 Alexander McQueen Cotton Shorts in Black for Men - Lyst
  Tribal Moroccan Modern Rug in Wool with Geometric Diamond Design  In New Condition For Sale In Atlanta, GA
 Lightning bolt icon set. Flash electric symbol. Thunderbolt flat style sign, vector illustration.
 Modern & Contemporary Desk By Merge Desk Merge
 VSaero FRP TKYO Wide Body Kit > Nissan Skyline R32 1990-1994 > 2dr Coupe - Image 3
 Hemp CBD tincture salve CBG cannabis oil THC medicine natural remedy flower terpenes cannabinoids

### PROBLEM DESCRIPTION
Please set down the whole listing above without altering a single line.

### RESULT OF THE TASK
 Alexander McQueen Cotton Shorts in Black for Men - Lyst
  Tribal Moroccan Modern Rug in Wool with Geometric Diamond Design  In New Condition For Sale In Atlanta, GA
 Lightning bolt icon set. Flash electric symbol. Thunderbolt flat style sign, vector illustration.
 Modern & Contemporary Desk By Merge Desk Merge
 VSaero FRP TKYO Wide Body Kit > Nissan Skyline R32 1990-1994 > 2dr Coupe - Image 3
 Hemp CBD tincture salve CBG cannabis oil THC medicine natural remedy flower terpenes cannabinoids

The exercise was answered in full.